Cabin service crew member John Marino worked his way from the back of the plane to the front, cleaning first the rear lavatories, then the middle lav before finishing with the first class lav. This task included restocking the dispensers with paper towels, tissues, and toilet paper. To restock the paper towels, Marino had to unlatch and open a small door to access the storage area behind the towel dispenser. When he opened that door in the middle lav on Flight 1318, Marino did not see anything written on the inside of the door. While Marino was finishing up in the first class cabin, he saw a female flight attendant (Gray) enter the middle lav, and come out again.

Gray then hurried over to the lead flight attendant and told him that she had found a note in the middle lav. Together they went back to the lav, where the lead flight attendant saw, written on the inside of the storage compartment door, the words " Bomb on Board! BOS-MIA." They then rushed to the cockpit to notify the captain. Pre-boarding had begun, and by the time they returned to the middle lav with the captain, it was occupied by a passenger. Once he could enter the lav, the captain saw the message and decided to stop boarding and notify the authorities.

The aircraft was evacuated and towed to a remote area of Logan Airport where, over a period of several hours, it was searched.

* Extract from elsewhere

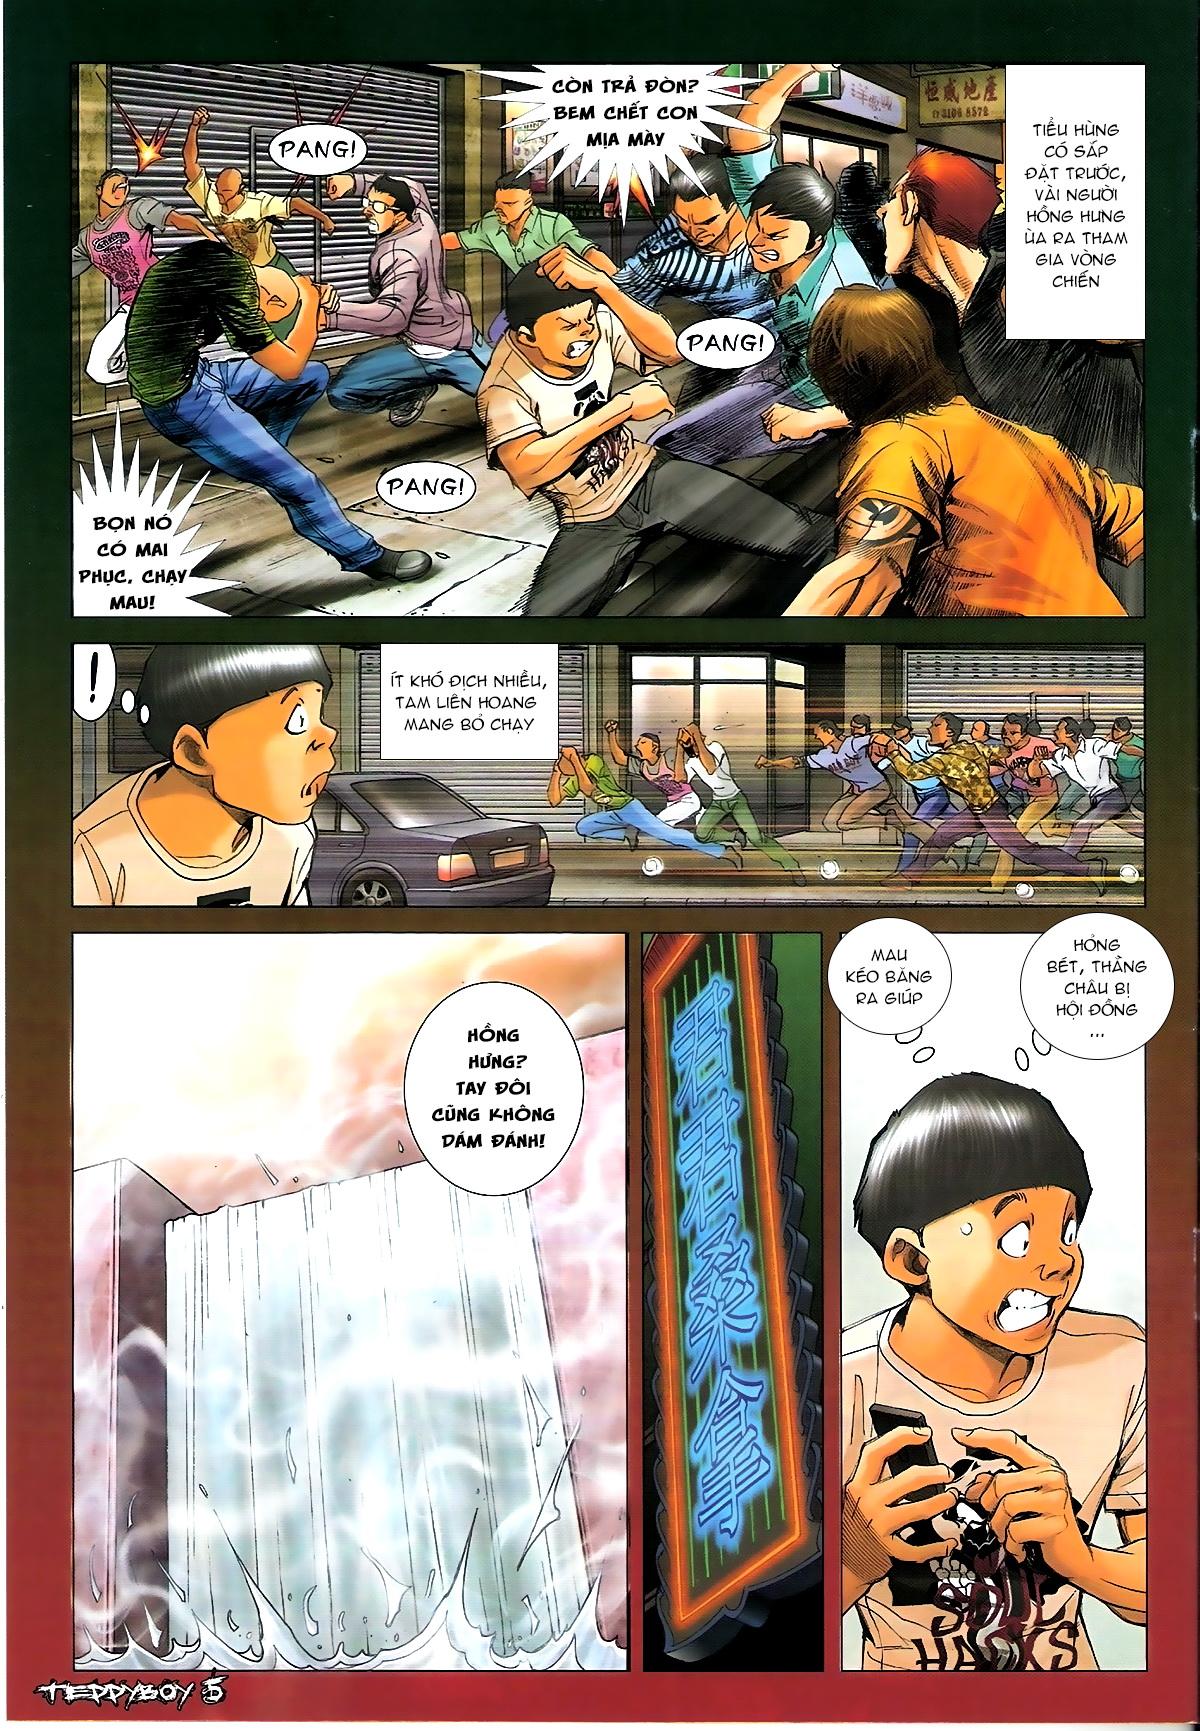 Người Trong Giang Hồ NetTruyen chap 1338 - Trang 4

No bomb was found.

B. The Confession

On December 15, 2009, Gray, whose job was suspended at the time, contacted FBI Special Agent Joseph DeVuono at his office at O'Hare International Airport to request an interview to " clear her name." They arranged to meet at DeVuono's office on the morning of December 23. Gray arrived at around 9:30 a.m., carrying " a very large sized soft drink." DeVuono offered her a cup of coffee, which she declined, but at her request, he bought her a chocolate bar. Gray met with DeVuono and Special Agent David Mertz for an hour and a half before taking a break. At the break, Gray -- who had been sipping the soda and eating the candy bar during the interview -- sought and received permission to test her blood sugar level. [1] Gray showed the agents that her blood sugar was 106, and indicated that it was a good number and that she felt fine.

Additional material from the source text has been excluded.